Can a franchisee terminate a franchise agreement if the franchisor has failed to perform its contractually obligated tasks?

Asked on March 18, 2012 under Business Law, New York


John Morgan / Barr & Morgan

Answered 8 years ago | Contributor

The best answer is maybe.  As the other poster stated, the degree of the breach is important.  Further, you need to know what YOU mean be termination.  Frequently, equiptment belongs to the Franchisor not the Franchisee.  You may also have lease, loan or amortization agreements which will effectively block your attempt to terminate the relationshiip.  It is not like you can reopen the following day doing the same type of business.  You might have to walk away entirely.  There are several other concerns.  +1 on the advice to have an attorney look at your specific documents.  In circumstances like yours, I almost uniformly advise my clients to get a court order establishing the rights of the parties.  Their are various ways to do this depending upon your jurisdiction.  The botom line is that this is a VERY big move and you might take yourself from the frying pan into the fire if you are not careful.

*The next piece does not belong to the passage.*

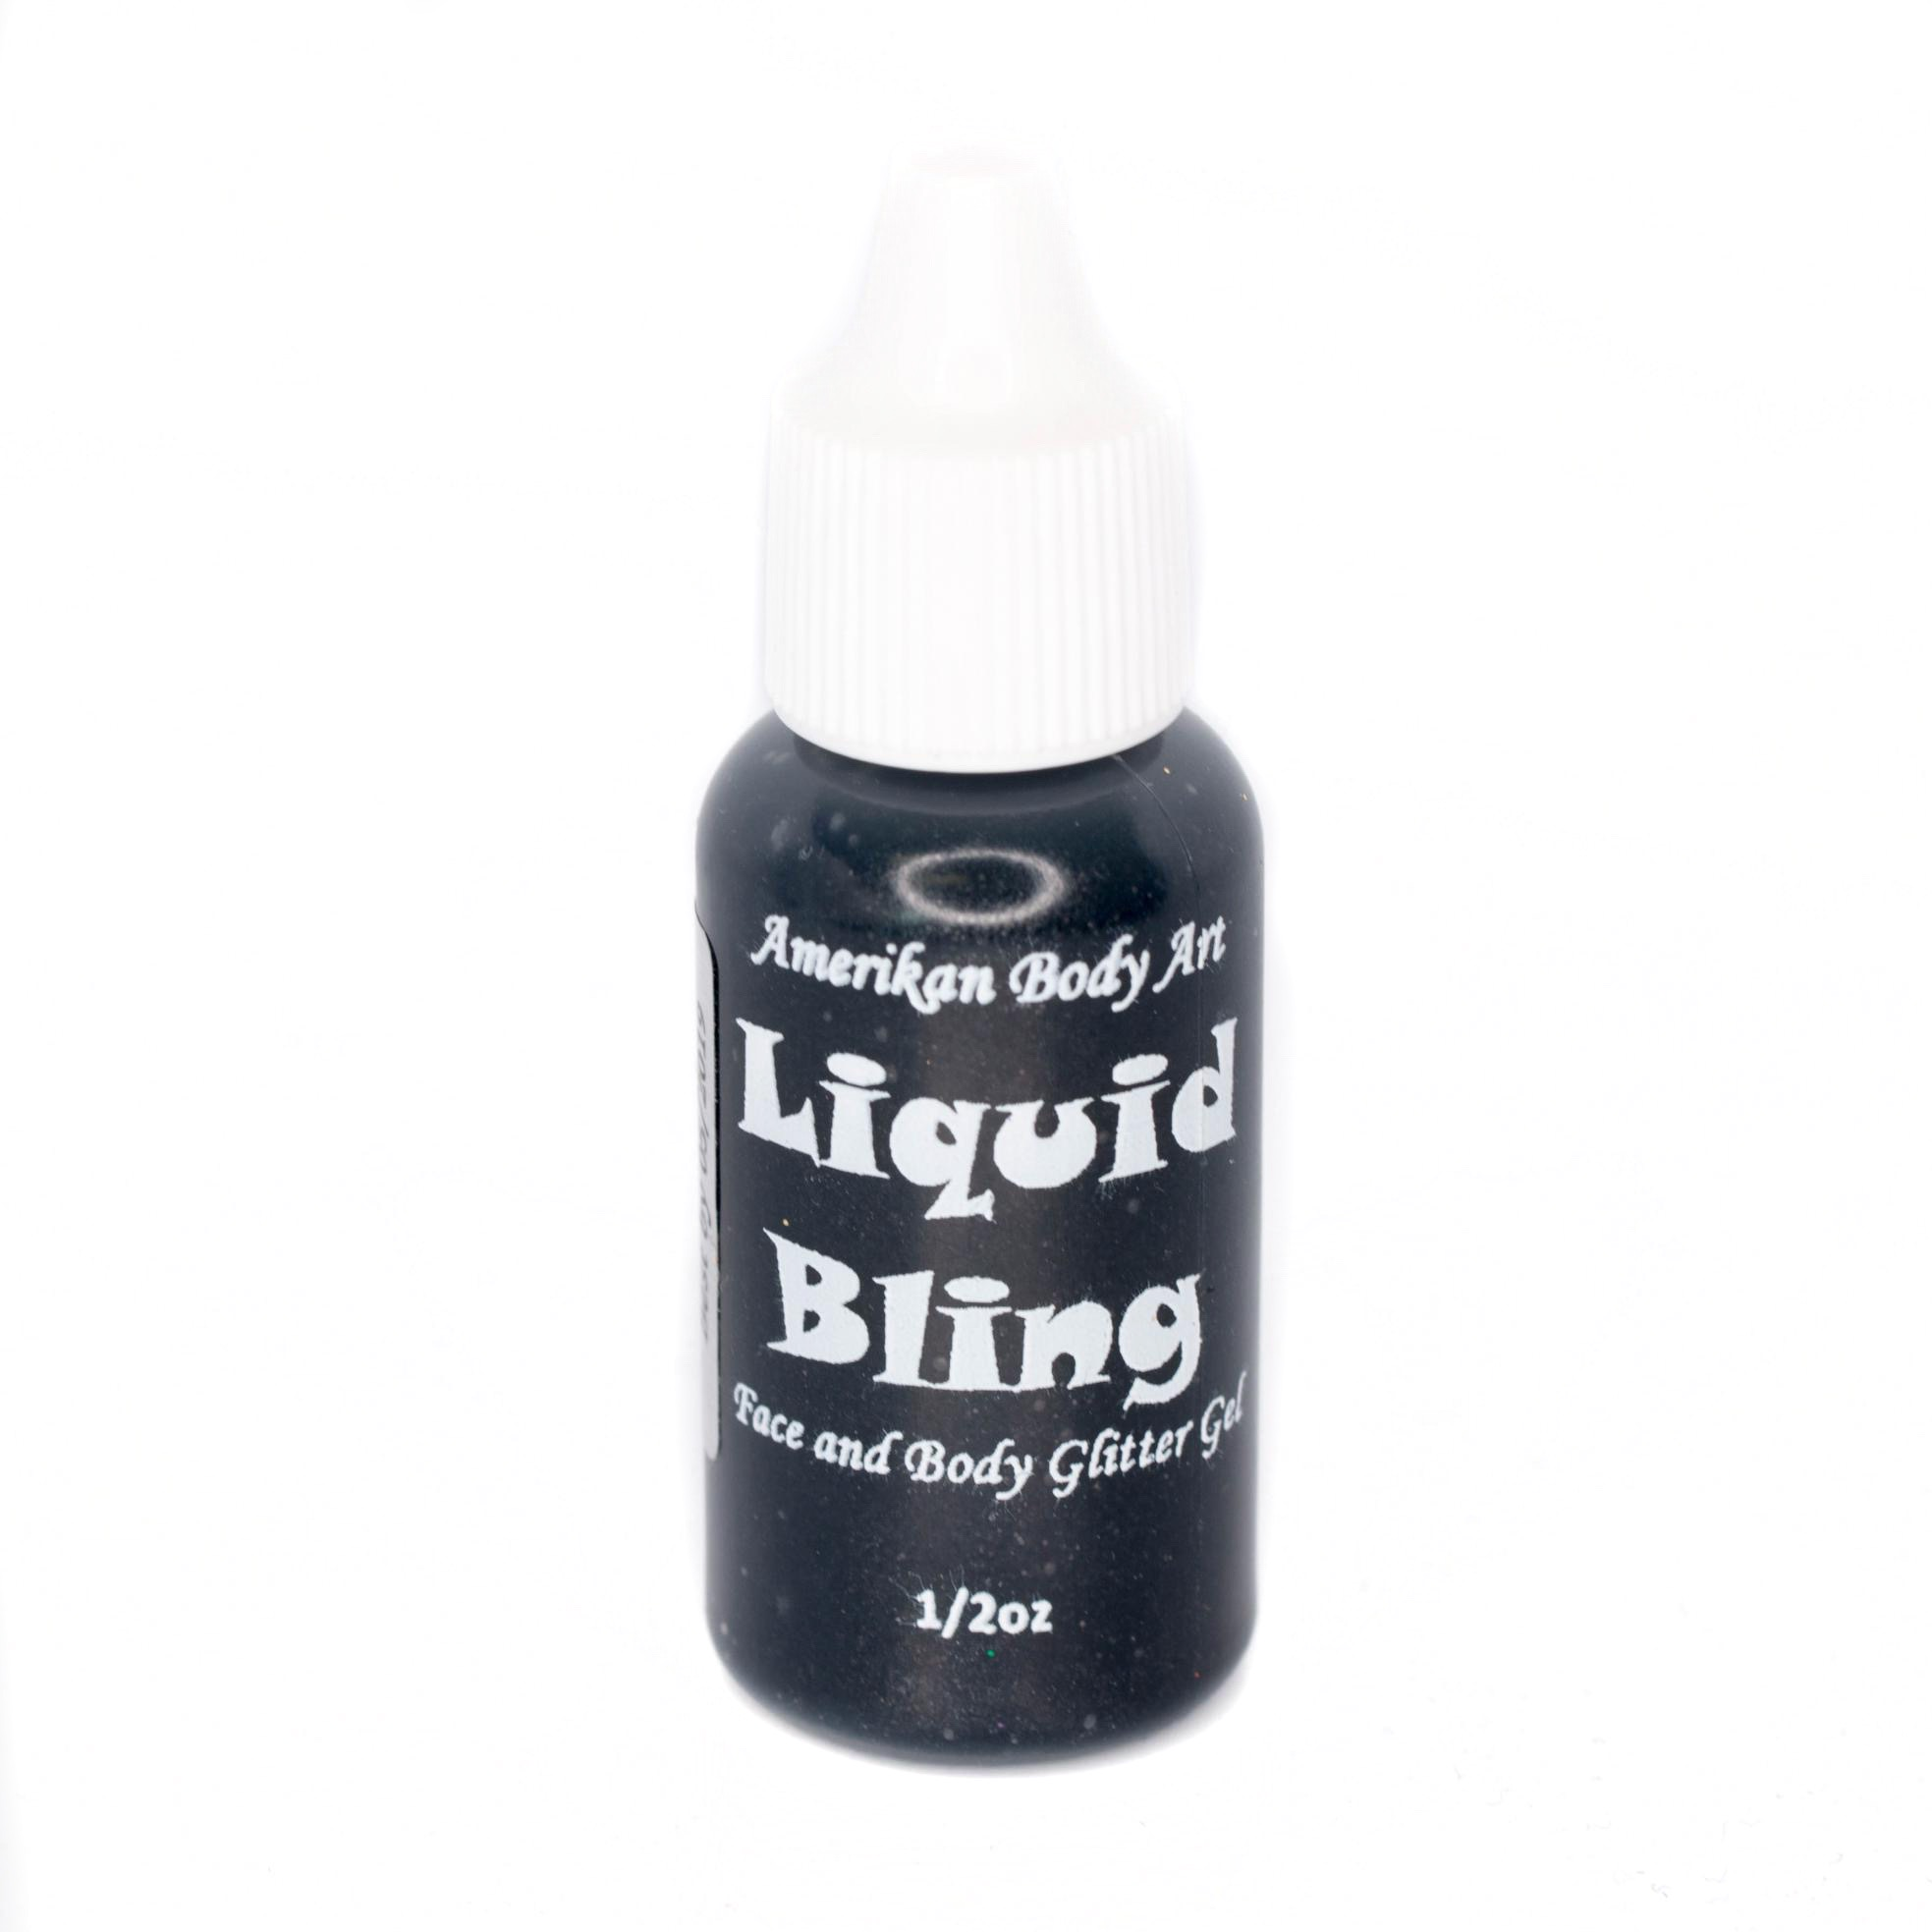 Jet Black Liquid Bling 1/2oz
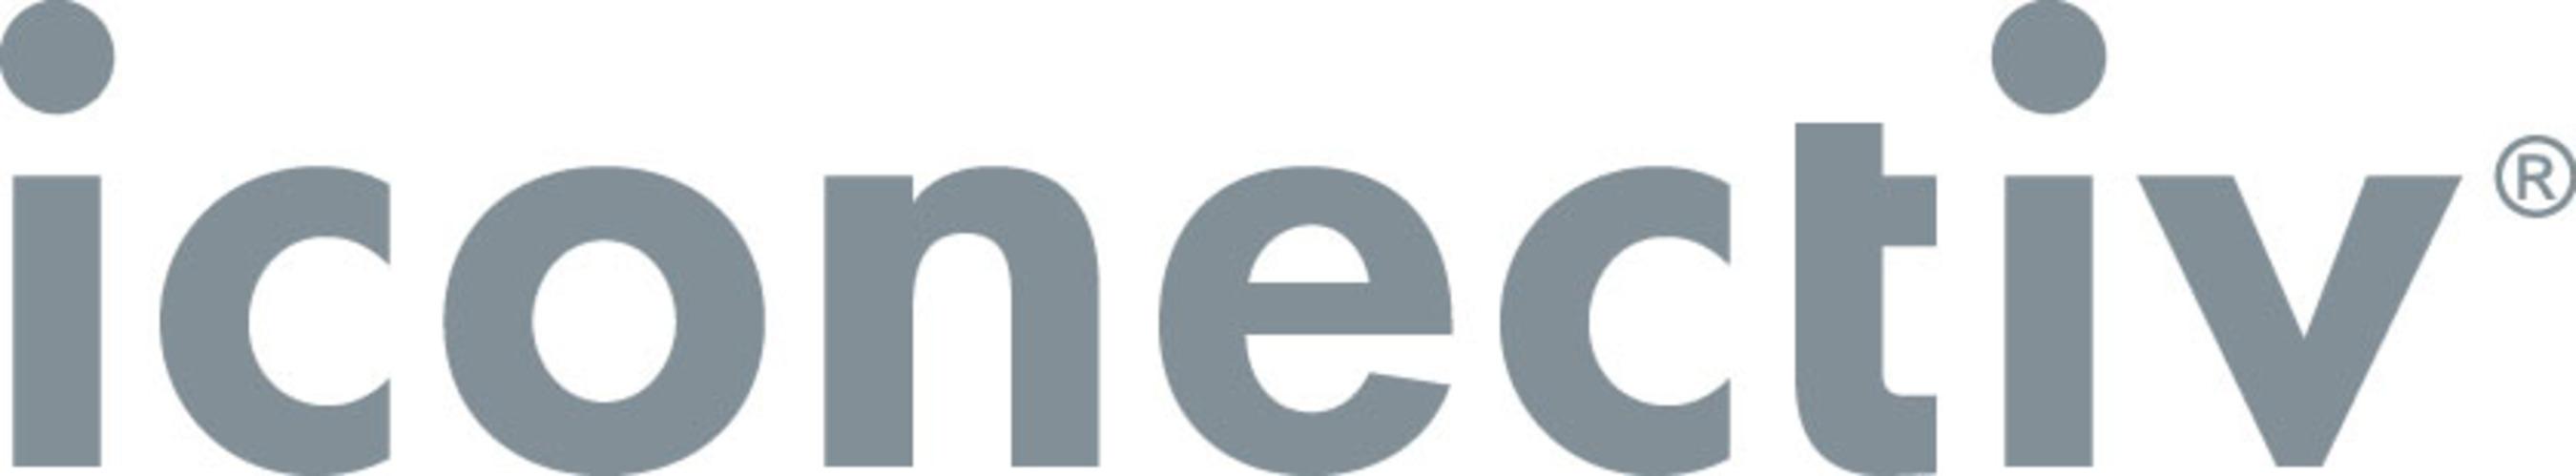 iconectiv logo.

Richard Holland / Commerce Legal PC

Answered 8 years ago | Contributor

There is no way to answer your questions with any sort of confidence without making a number of assumptions.  The short answer is "It depends on what the contract says."  What constitutes a failure to perform, or a material breach, or whether there has to be an opportunity to cure, or whether there are preconditions to certain remedies (up to and including termination) are all very dependent on the precise language of the contract.  Even where there are industry standards and customs of practice and dealing, these can be modified by the actual agreement you signed in many cases.  The bottom line is that you need to bring the agreement to an attorney in your jurisdiction.

SJZ, Member, New York Bar / FreeAdvice Contributing Attorney

Answered 8 years ago | Contributor

As a general matter, if a franchisor has violated its obligations under the franchise agreement, the franchisee will have the right to seek a court order requiring performance, seek monetary compensation, or terminate the agreement. However, that last recourse--termination--will generally only be available when the other party's breach is a "material"--or significant--one, going to the heart of the agreement. Lesser breaches would most likely give rise only to a claim for damages (money) or provide grounds to seek declaratory or injunctive relief requiring specific performance of the agreement. To understand the rights available to the franchisee in this specific case, it is necessary to discuss the matter in depth with a business attorney, one who can review the franchise agreement.